The first, I suppose isn't so irrational, since anyone could really just slip into my house and start a Murder Party with all the unconscious bodies just laying about. I guess that it couldn't be that hard. At least, not to me. I can't really think of anything I could do if I woke up to some masqued mouth-breathing former mechanic stretched over my body with Thanksgiving Turkey on his mind. After all, he has the knife or ax or serrated screwdriver and is ready to check my organs for life; all I have at my disposal are two pillows and building incontinence. I suppose that the second might give me a small window of surprise, in which I could take my pillows and force him into a comfortable nap - though I can't see many serial killers suffering from narcolepsy. It would just take forever to finish a murder; not even worth it in the end. Now, a killer with sleep apnœa is a whole other story: at least you could hold off your rest until after you've finished desecrating the body; and then you can just lie down in whatever least-bloody part of the bed you can find and take a short nap. But I'd be dead either way, so it doesn't necessarily matter too much to me in the end.

The second fear is zombies. Yes, I know: I'm buying into the zeitgeist! Way to feed memes with cliché deep-seated fears! Don't worry, my inner hipster has already done enough scoffing at my reptillian brain, where you all should feel comfortable in your passive disgust for my general character. However, this doesn't change the fact that sometimes I fear that my casually-ill mother will at some point shuffle into my room, and I thinking her just having woken up in the middle of the night, will attempt to engage her in conversation, at which point I will die. Well, maybe not die outright, but she will probably lunge at me, lacerating some part of my exposed flesh, at which point I will lock myself in the bathroom and eventually attack and cannibalise some downtrodden, unsuspecting survivors holing up in my house for protection. I don't necessarily mean to single out my mother, as my father also has a penchant for roaming the corridor in the middle of the night, so he could as easily lumber into my room and ruin my already-dwindling track record with life. Sometimes I'll even replay the scene in my head indefinitely from the time I lie down to when I slip off into whatever bland dreams follow horrific panic-induced plotting.

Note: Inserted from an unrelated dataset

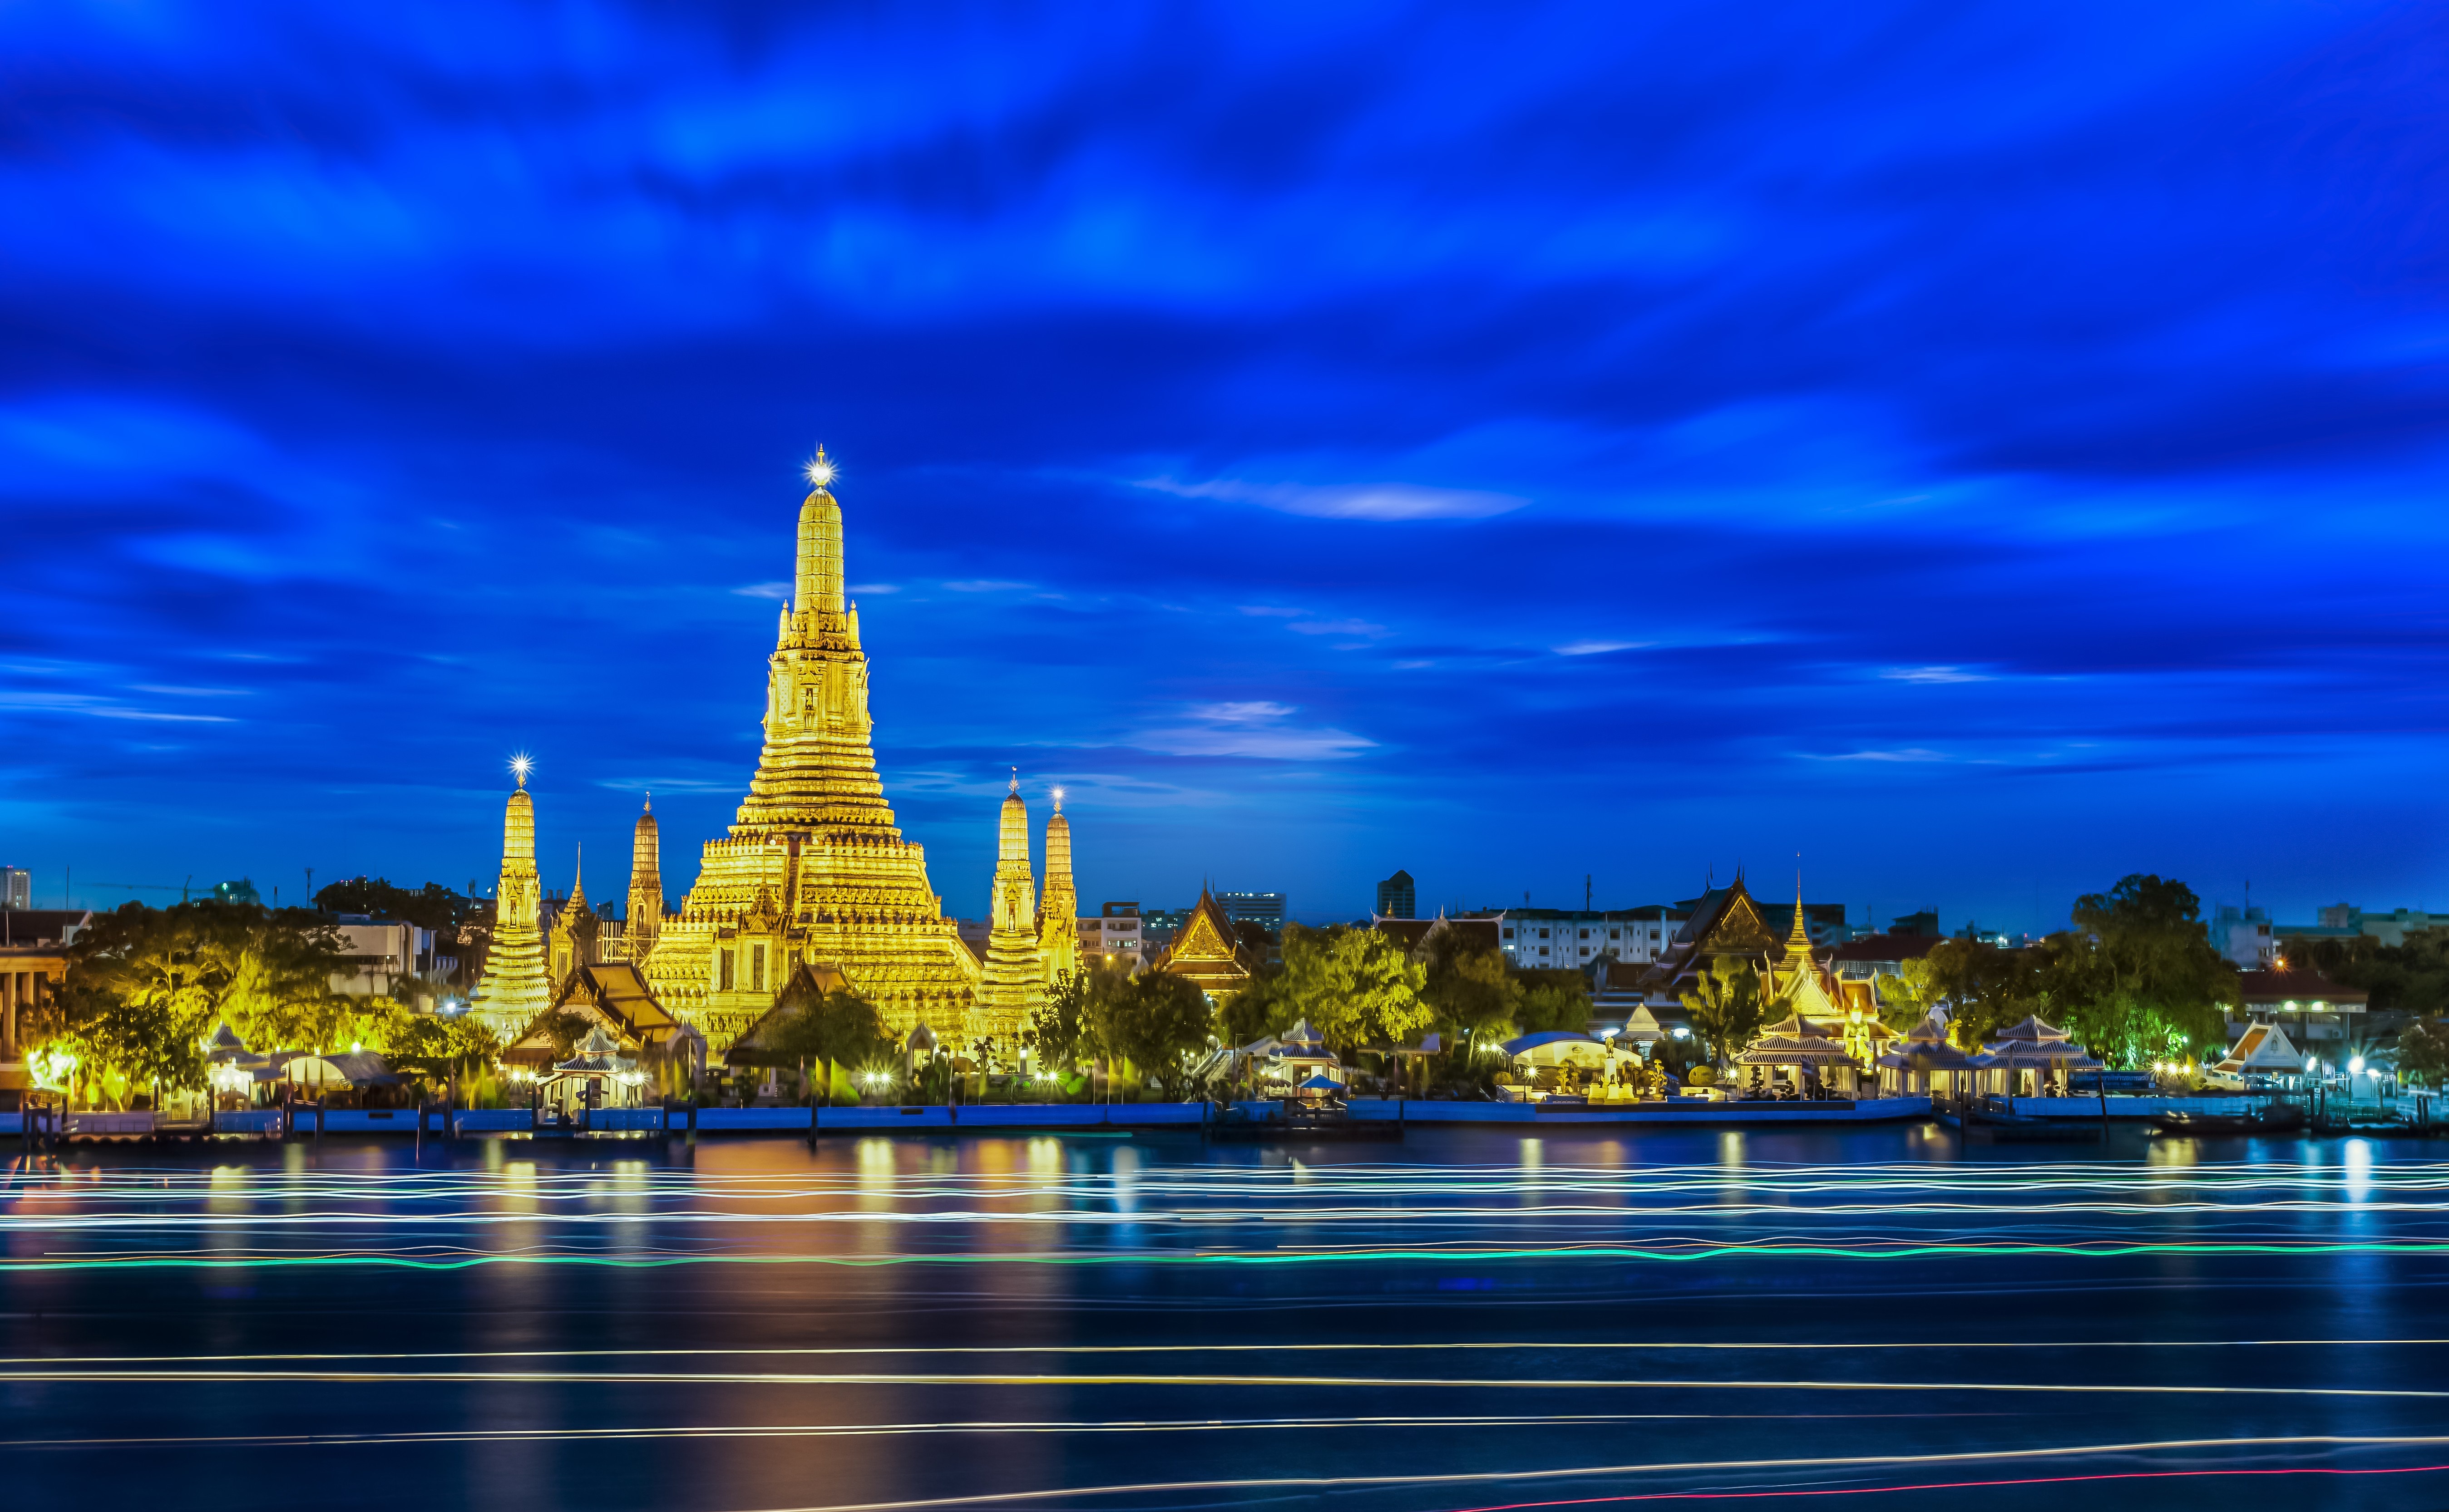 Thailand Background Images HD Pictures and Wallpaper For Free Download   Pngtree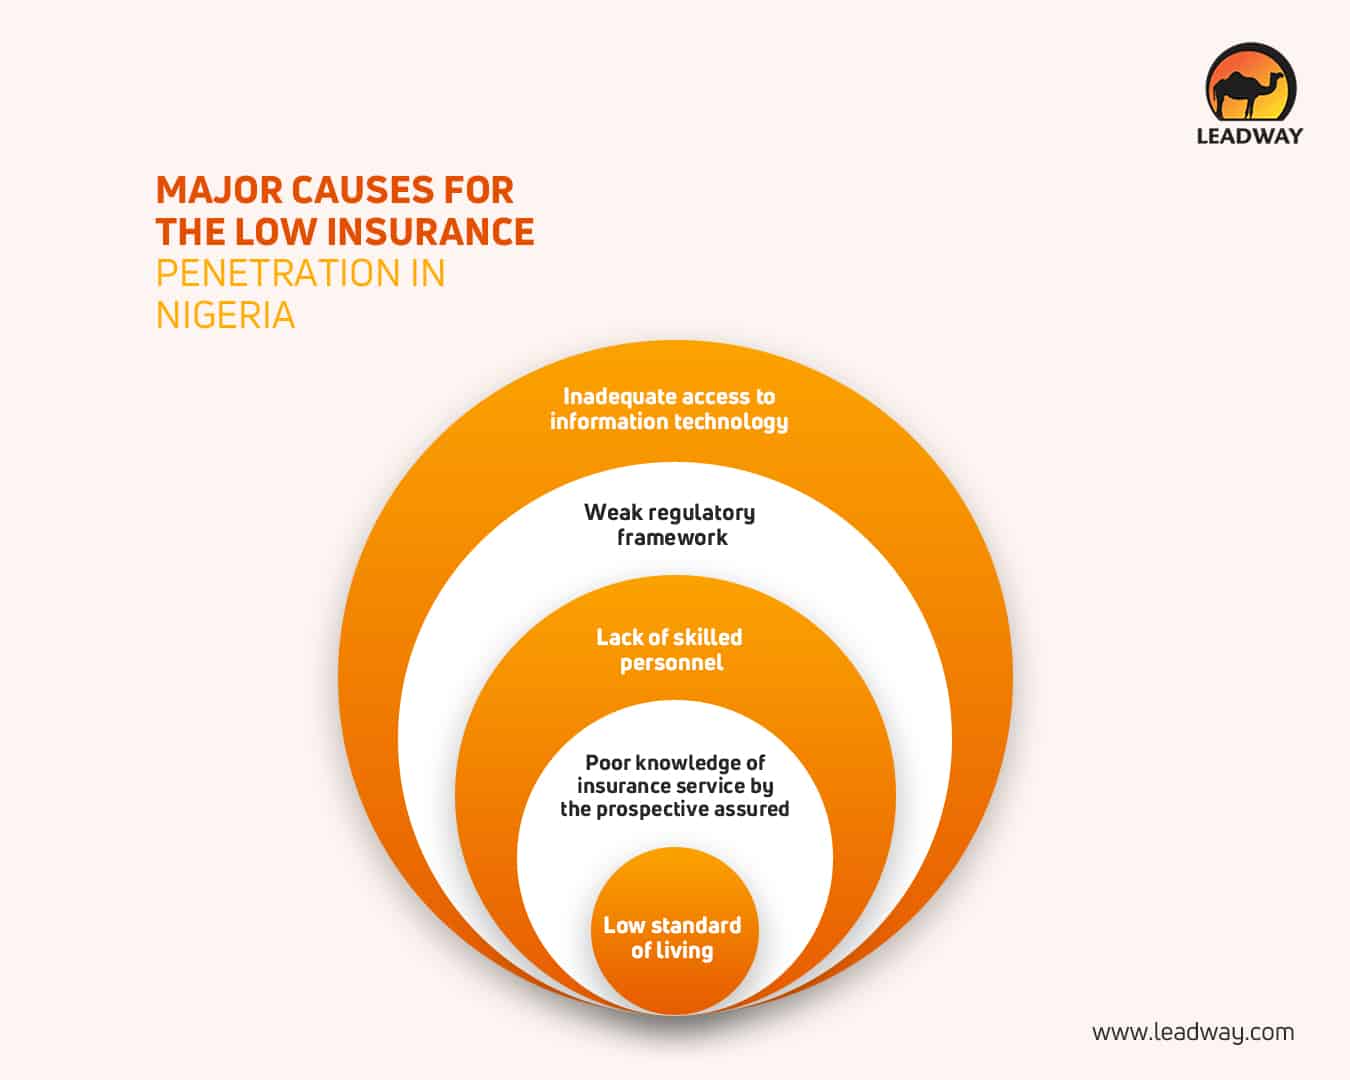 Major causes for the low insurance penetration in Nigeria infographic

I can never get to the part where I'm eventually overpowered and consumed by the very people who gave me life - mostly because I already know it'll end that way, no matter how many laundry bins and office chairs cascade into them.

It should come as no surprise, then, that as of today I have still not finished Max Brooks's Zombie Survival Guide, because every time I begin reading it, I starting getting nervous only a few pages in. I get similarly nervous watching or reading anything else zombie-related, but can otherwise finish the movie/show/book without problem, only realising as I lie down in my bed that the virus can hit at any time. Obviously, I realise that it's pure fantasy, that as of yet there is no such thing as that kind of infection; and even if there were, I should be able to take comfort in the fact that my slovenly person would not make it more than a few steps outside of my home in case of such an epidemic without being surely and quickly ended.